INPUT RECORDS =>
((

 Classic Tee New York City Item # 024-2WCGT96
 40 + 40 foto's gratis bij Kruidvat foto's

))
((

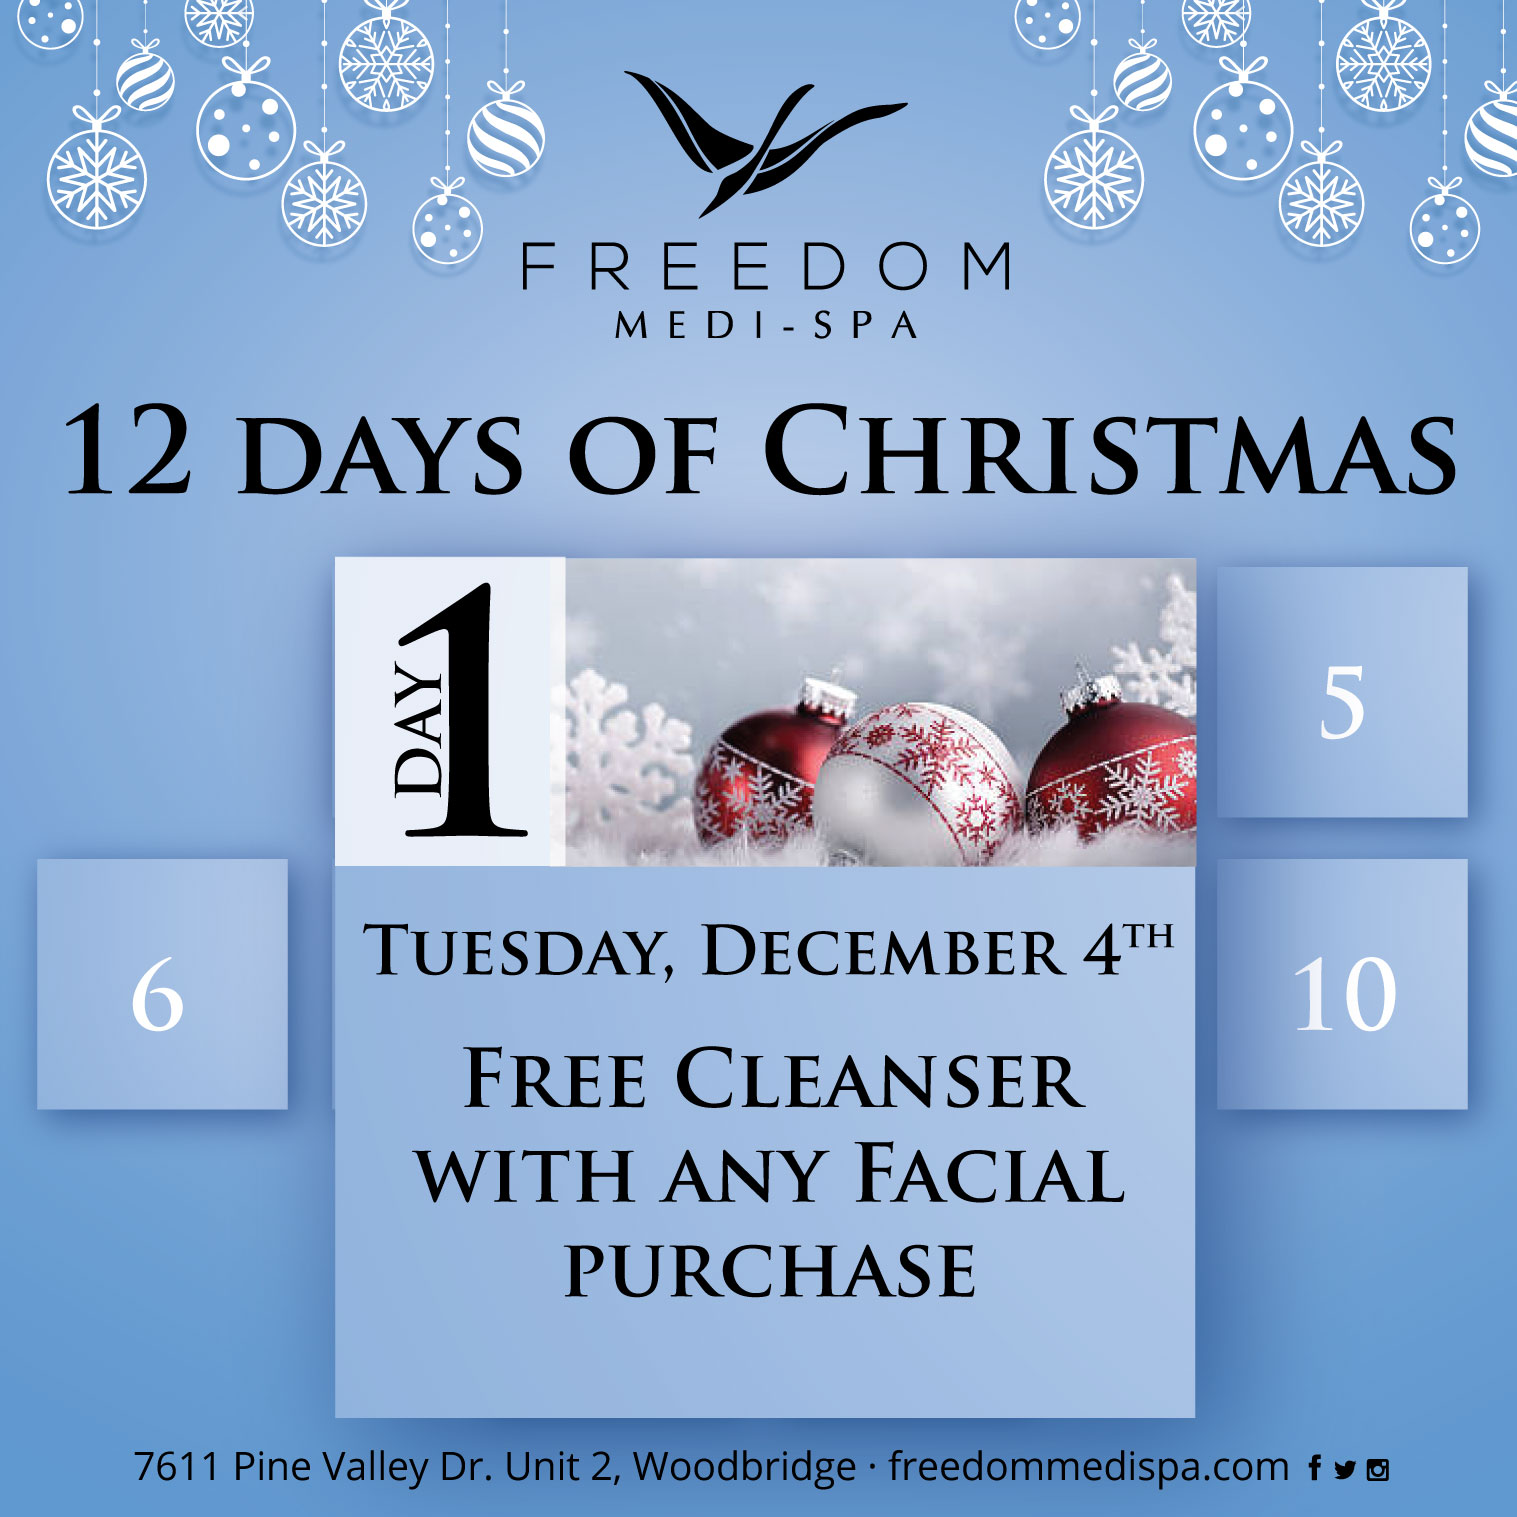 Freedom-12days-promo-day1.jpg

))
((

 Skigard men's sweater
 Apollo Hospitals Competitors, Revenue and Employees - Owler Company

))

PROBLEM STATEMENT =>
Return exactly, and only, the lines above starting at the line that contains "Skigard men's sweater" and ending at the line that contains "Apollo Hospitals Competitors, Revenue".

EXERCISE OUTPUT =>
 Skigard men's sweater
 Apollo Hospitals Competitors, Revenue and Employees - Owler Company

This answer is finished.